> [Input data]
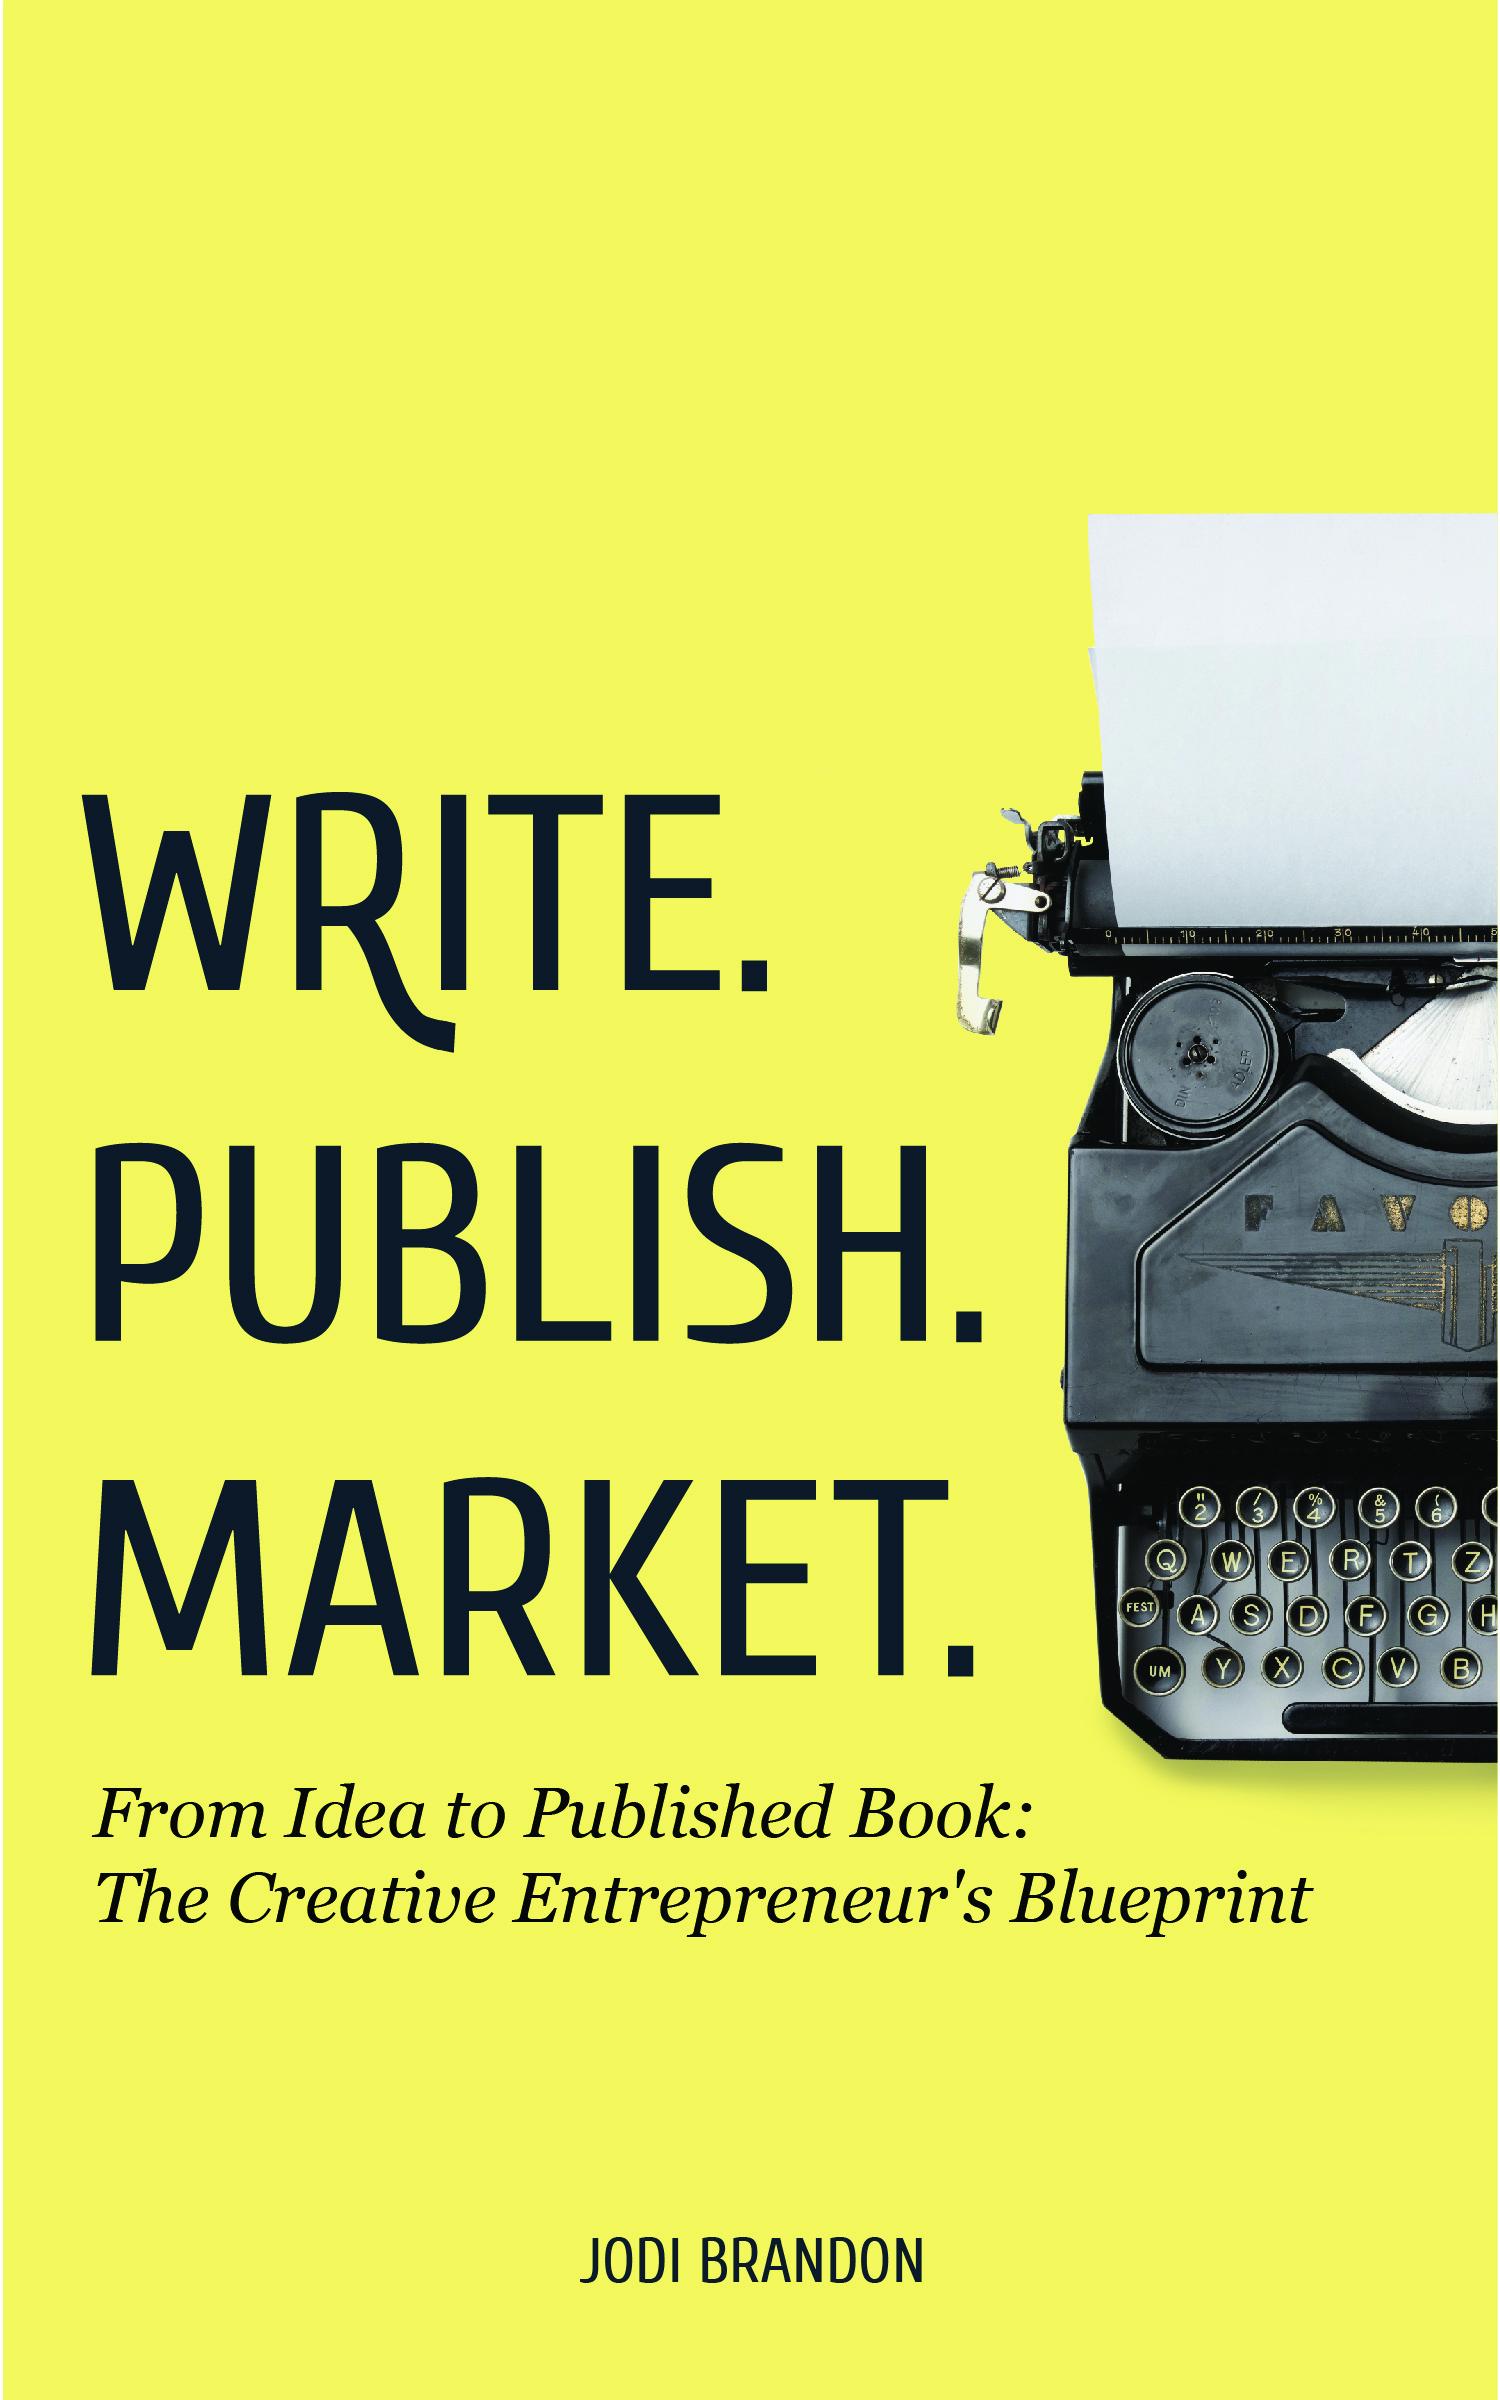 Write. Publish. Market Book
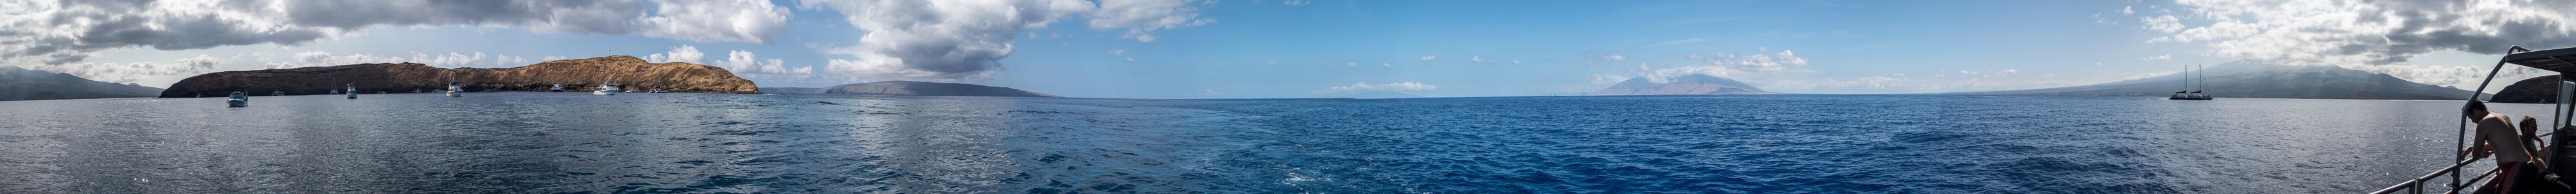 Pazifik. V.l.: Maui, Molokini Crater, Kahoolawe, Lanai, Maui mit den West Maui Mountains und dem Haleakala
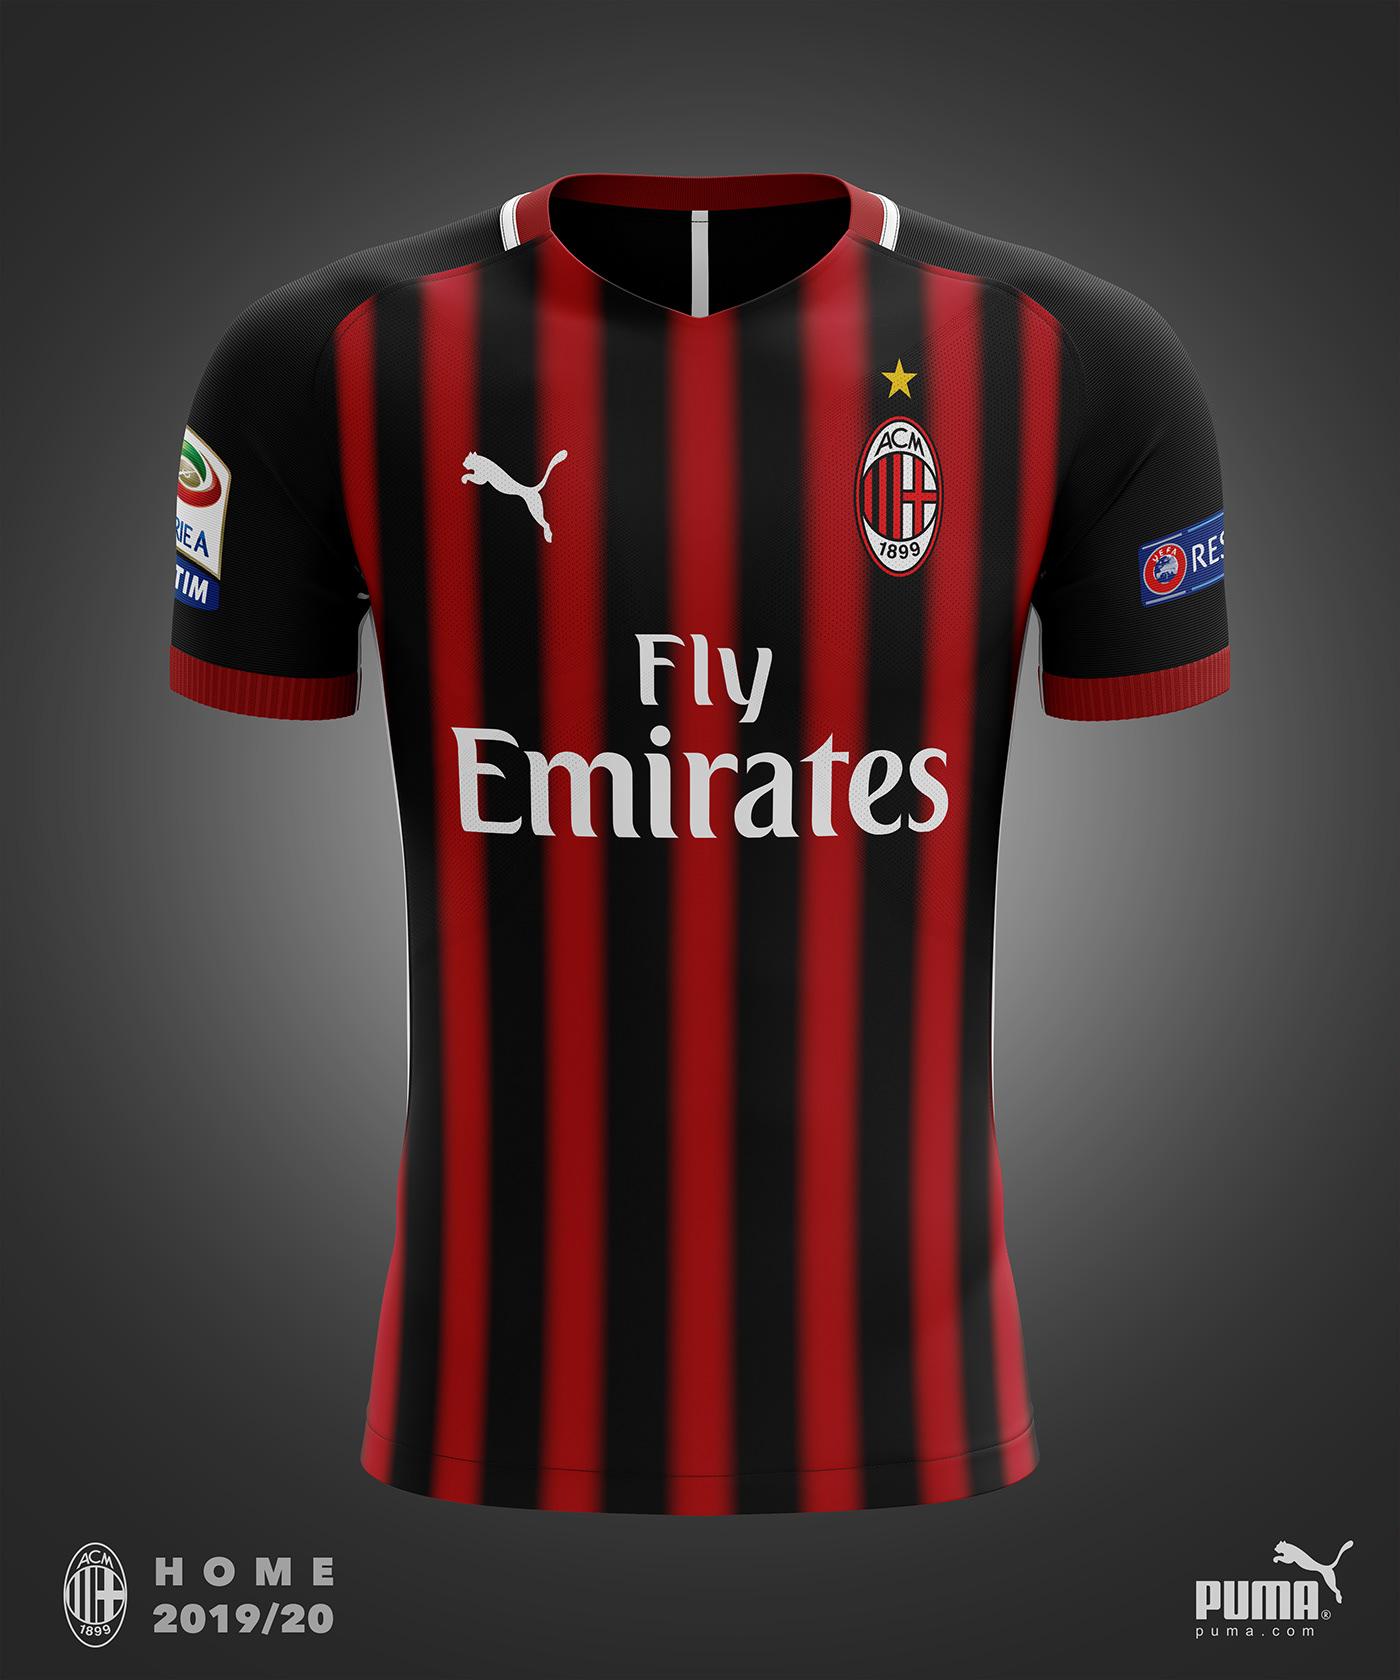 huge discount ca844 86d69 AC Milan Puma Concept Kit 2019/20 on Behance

> [The task] Transcribe the listing in full. Omit the pictures and keep every line exact.

> [Problem solution]
 Write. Publish. Market Book
 Pazifik. V.l.: Maui, Molokini Crater, Kahoolawe, Lanai, Maui mit den West Maui Mountains und dem Haleakala
 huge discount ca844 86d69 AC Milan Puma Concept Kit 2019/20 on Behance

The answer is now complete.